WHAT TO WORK ON: Could you set down the listing below exactly and omit its images?

DATASET SECTION:
────

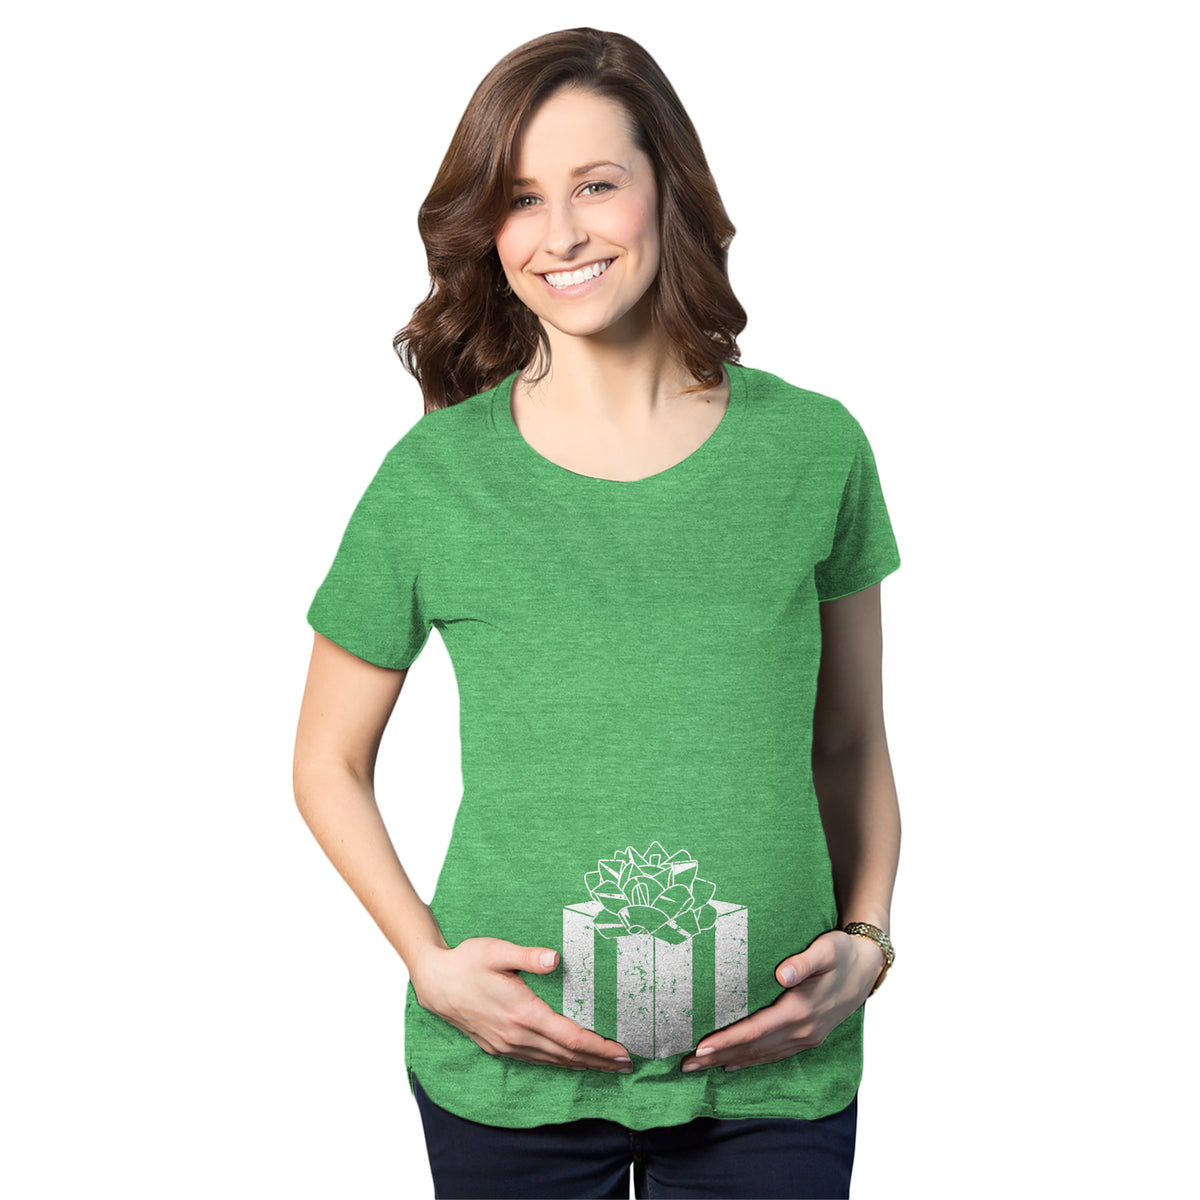 Funny Heather Green Belly Present Maternity T Shirt Nerdy Christmas Tee
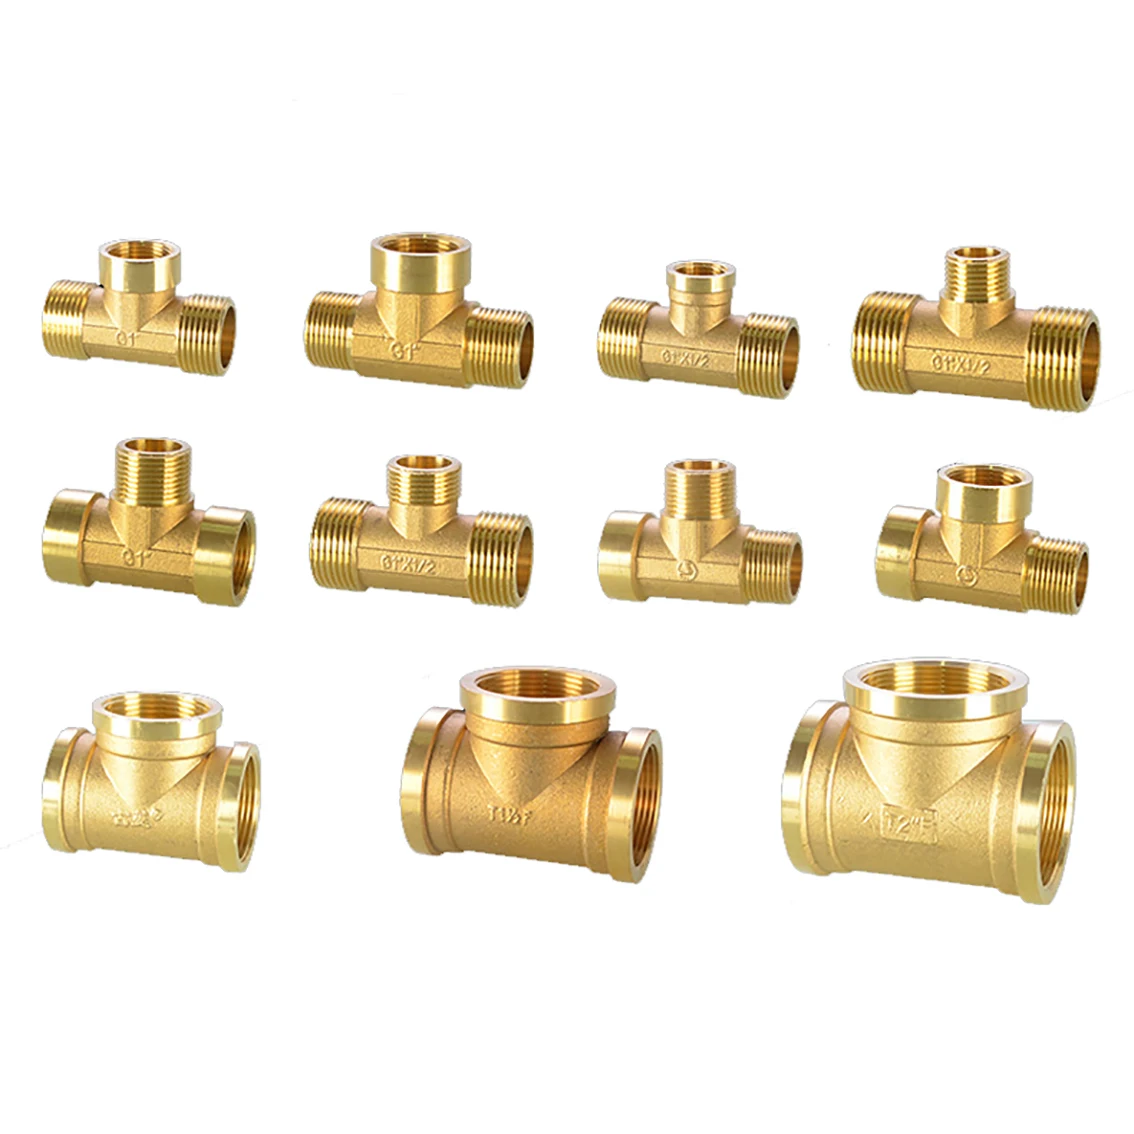 

3-Way Brass Reducer Pipe Fittings Connector 1/2" 3/4" 1" 1.2" 1.5" 2" T-Type Water Gas Oil Hose Converters Socket Adapter Tools
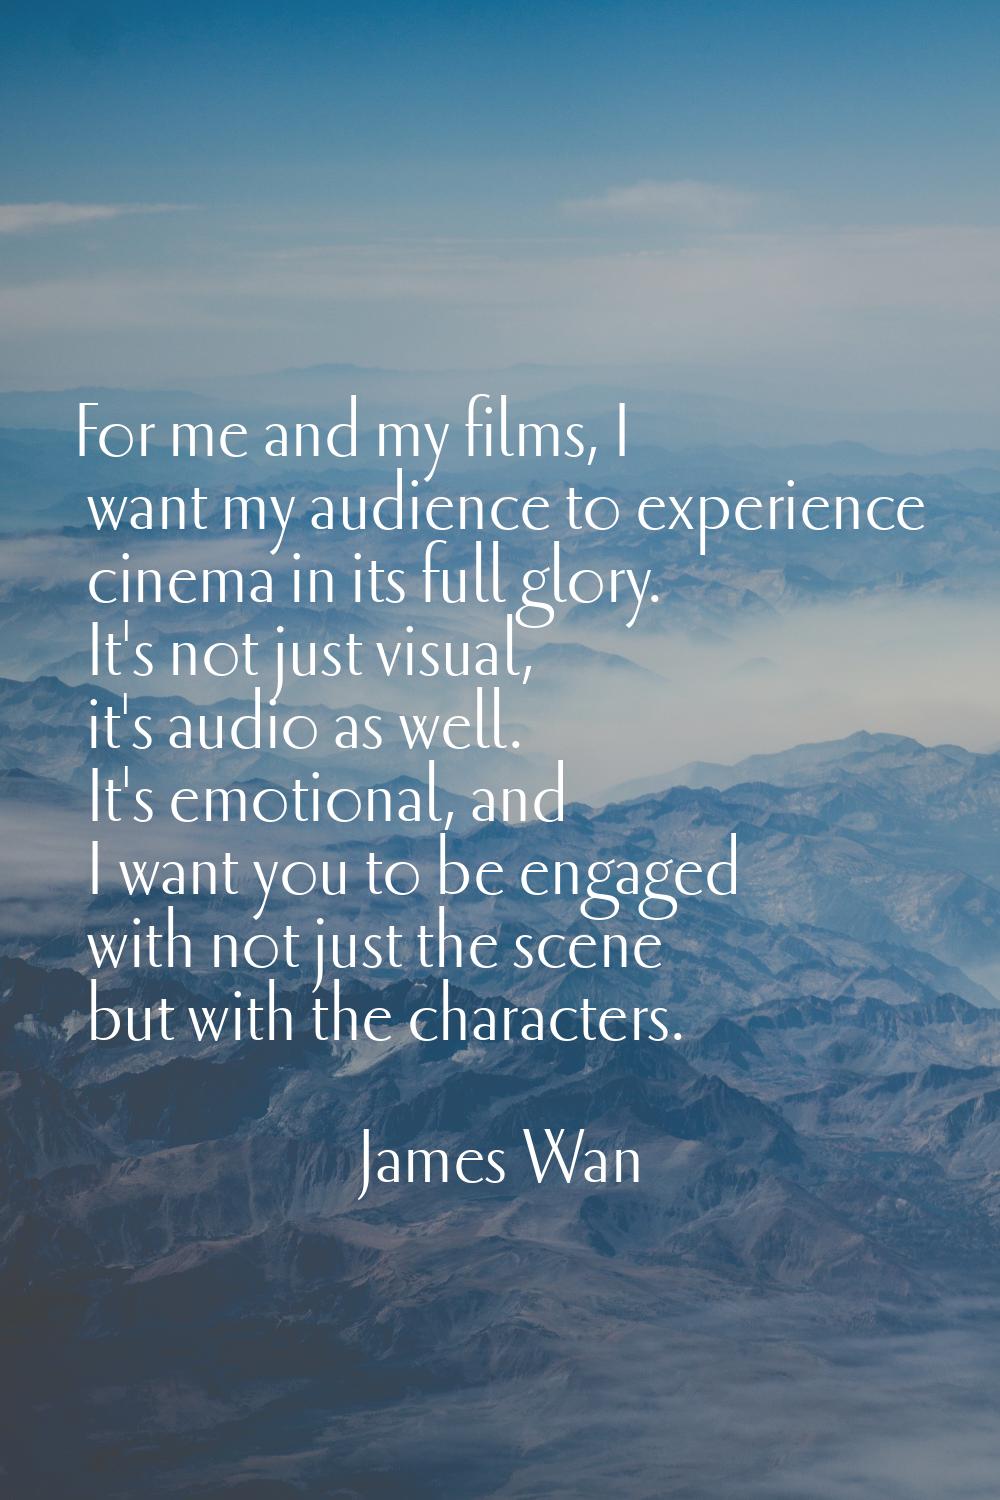 For me and my films, I want my audience to experience cinema in its full glory. It's not just visua
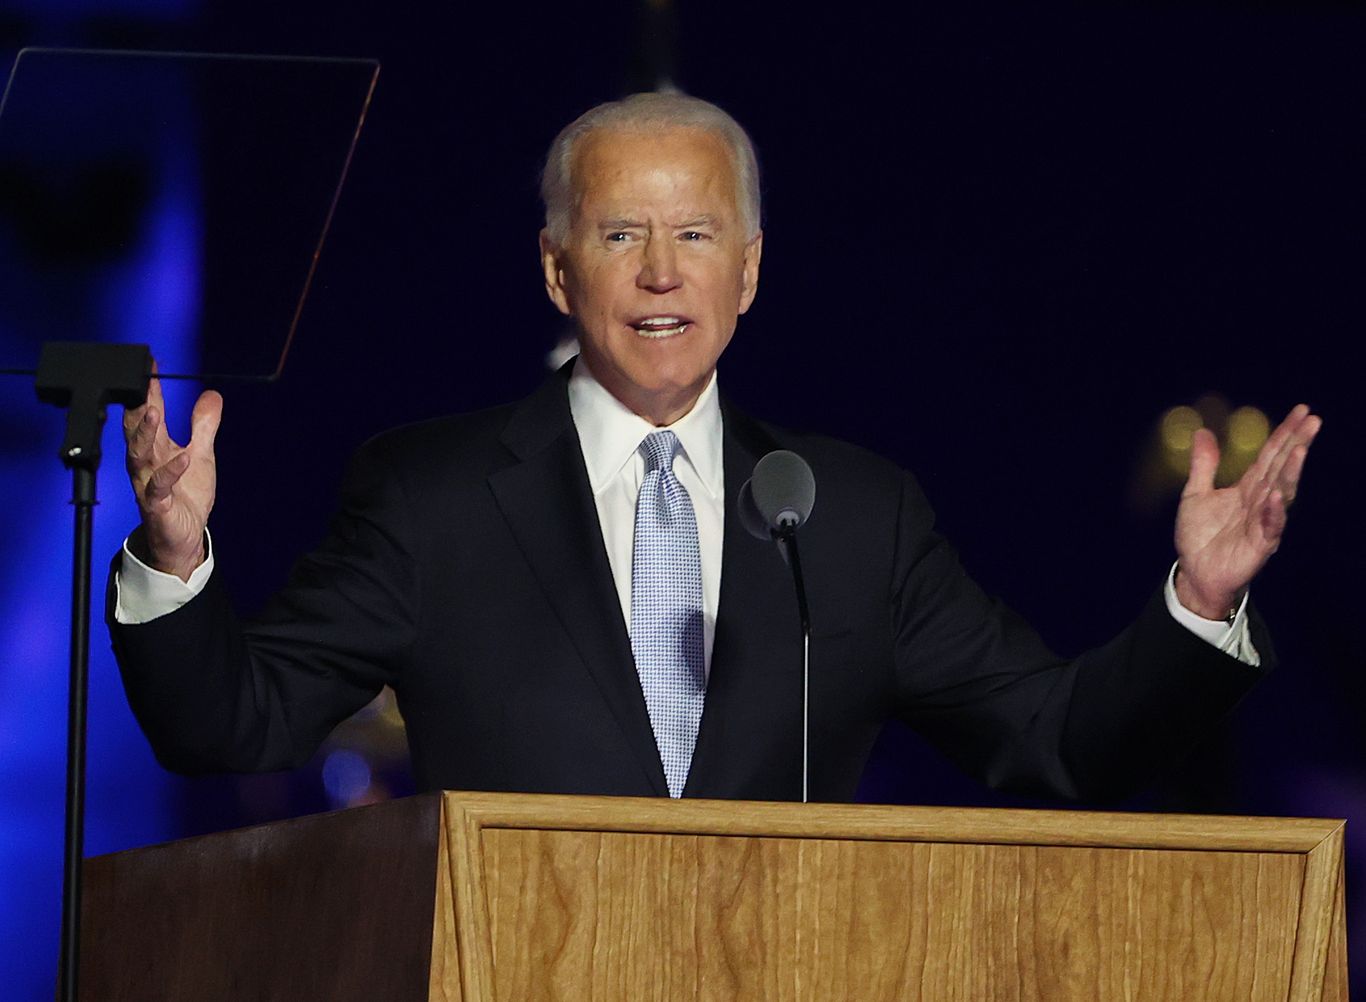 Biden: "This is the time to heal in America" thumbnail

────

EXERCISE SOLUTION:
 Funny Heather Green Belly Present Maternity T Shirt Nerdy Christmas Tee

3-Way Brass Reducer Pipe Fittings Connector 1/2" 3/4" 1" 1.2" 1.5" 2" T-Type Water Gas Oil Hose Converters Socket Adapter Tools
 For me and my films, I want my audience to experience cinema in its full glory. It's not just visua
 Biden: "This is the time to heal in America" thumbnail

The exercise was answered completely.